LE PAYS : « Le Pays » a vingt ans aujourd’hui. Quels sentiments vous animent en tant que Fondateur du quotidien ?

Boureima Jérémie SIGUE : Des sentiments de sérénité. Des sentiments de profonde gratitude à l’endroit du Tout- Puissant. Des sentiments d’admiration pour tous ces pionniers qui ont cru au projet au moment même où rien n’était évident. J’apprécie à sa juste valeur, la contribution d’un pionnier comme Hamado Ouangrawa qui fut le premier Rédacteur en Chef du quotidien. Je salue son professionnalisme, son engagement et sa foi dans le projet. Certains des pionniers (hommes et femmes) sont encore dans la maison et je leur sais gré de la permanence et de la constance de leur engagement. J’éprouve aussi de forts sentiments de reconnaissance envers nos milliers de lectrices et lecteurs ainsi qu’à tous nos annonceurs qui nous font l’honneur de nous confier leurs annonces. Ils peuvent continuer à compter sur les Editions « Le Pays ».

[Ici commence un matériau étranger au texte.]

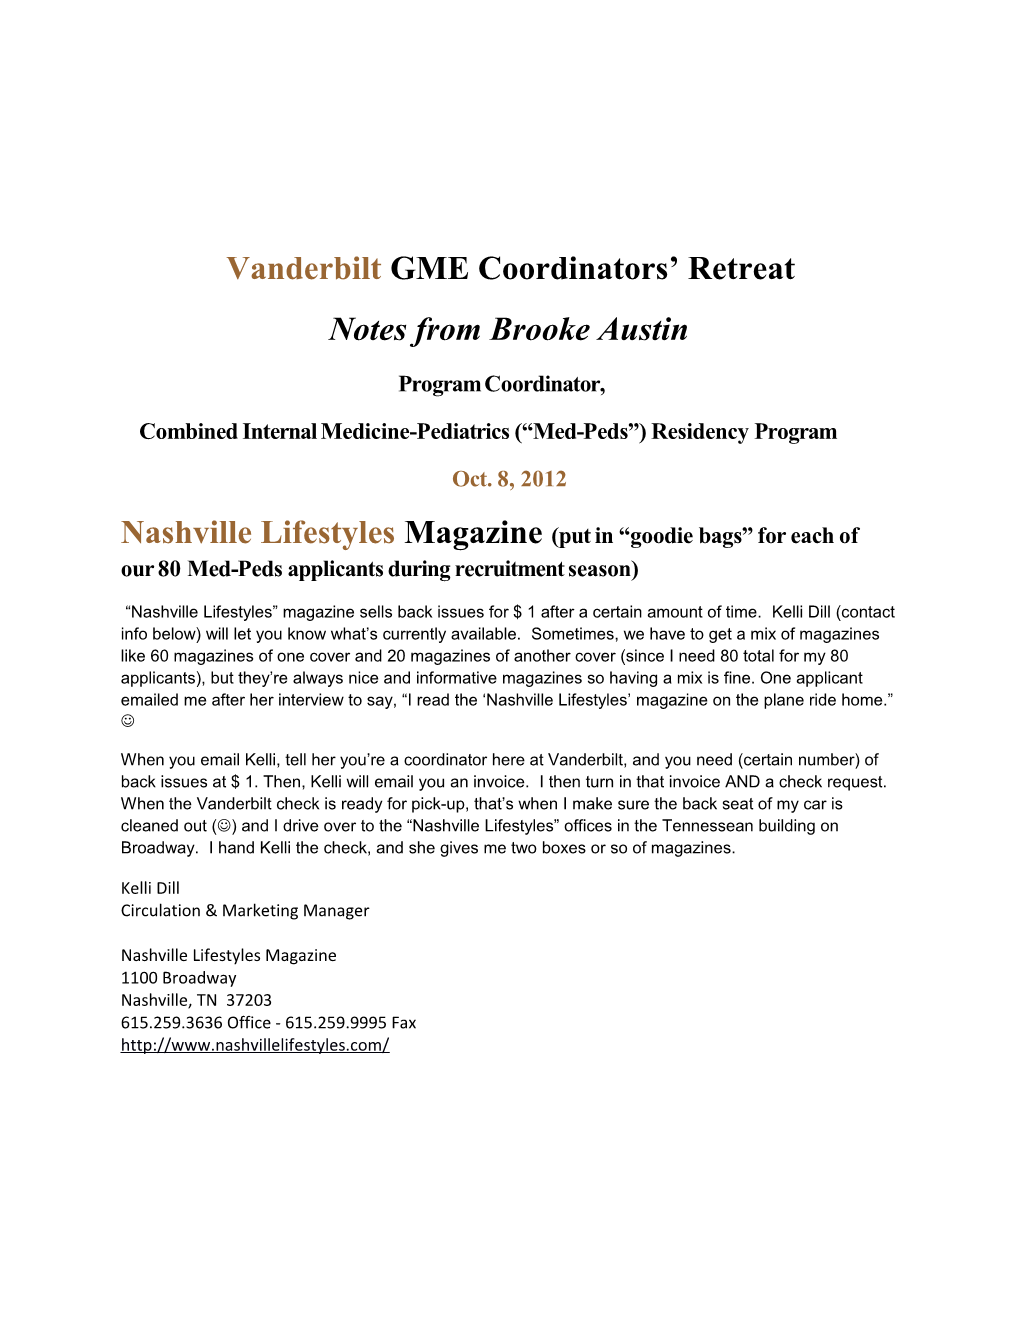 Vanderbilt GME Coordinators Retreat

Au début des années 90, beaucoup de titres ont vu le jour, mais ont, quelques années ou même quelques mois après, disparu. Comment avez-vous pu poursuivre votre chemin ?

Par la grâce de Dieu, nous avons pu, comme vous le dites, poursuivre notre chemin. Mais j’avoue que les trois premières années ont été un calvaire. Sinon un supplice. J’étais devenu un rat d’imprimerie, circulant presque toutes les nuits de 20h à 6h entre les machines d’imprimerie, faisant même parfois des accès palustres qui m’obligeaient à rendre aux pieds des escaliers, ce que j’avais eu le temps de manger. Le Directeur de l’Imprimerie Nouvelle du Centre de l’époque, M. Patrick Tassembédo dont je salue au passage l’attachement à la qualité, l’engagement personnel aux côtés de ce journal naissant, ne dira pas le contraire. Lancer un journal dans le contexte politique et social de ces années-là, était loin d’être une sinécure. D’ailleurs, personne ne pariait un kopeck sur la durée de vie du quotidien au-delà de six mois. Mais c’était méconnaître notre foi et notre détermination ainsi que notre croyance en un Dieu juste et bon.

Avec quels moyens avez-vous créé « Le Pays » ?

« Le Pays » a été créé avec les moyens que lui ont donnés la Révolution démocratique et populaire (RDP). Je m’explique : avant l’avènement même de la RDP, j’étais propriétaire de deux villas. L’une à Bobo-Dioulasso en zone résidentielle A, et l’autre à Ouagadougou au secteur 15 où j’habitais. Vous savez, j’étais celui qui privilégiait le béton par rapport à tout. La maison d’abord, les boîtes de nuits après. Et la BND (Banque nationale de développement), était là pour tout le monde. A l’époque, c’était une philosophie difficilement acceptable pour la plupart des jeunes. Mais l’histoire m’a donné raison et vous verrez bien pourquoi. En effet, j’ai connu trois suspensions pendant la révolution. Des suspensions enchaînées, c’est-à-dire que la dernière suspension vous tombait dessus pendant que la précédente était toujours en cours. Et être suspendu sous la révolution, voulait dire que tu dois continuer à aller au boulot si tu veux que ta suspension soit un jour levée après examen de ta demande par la RDP.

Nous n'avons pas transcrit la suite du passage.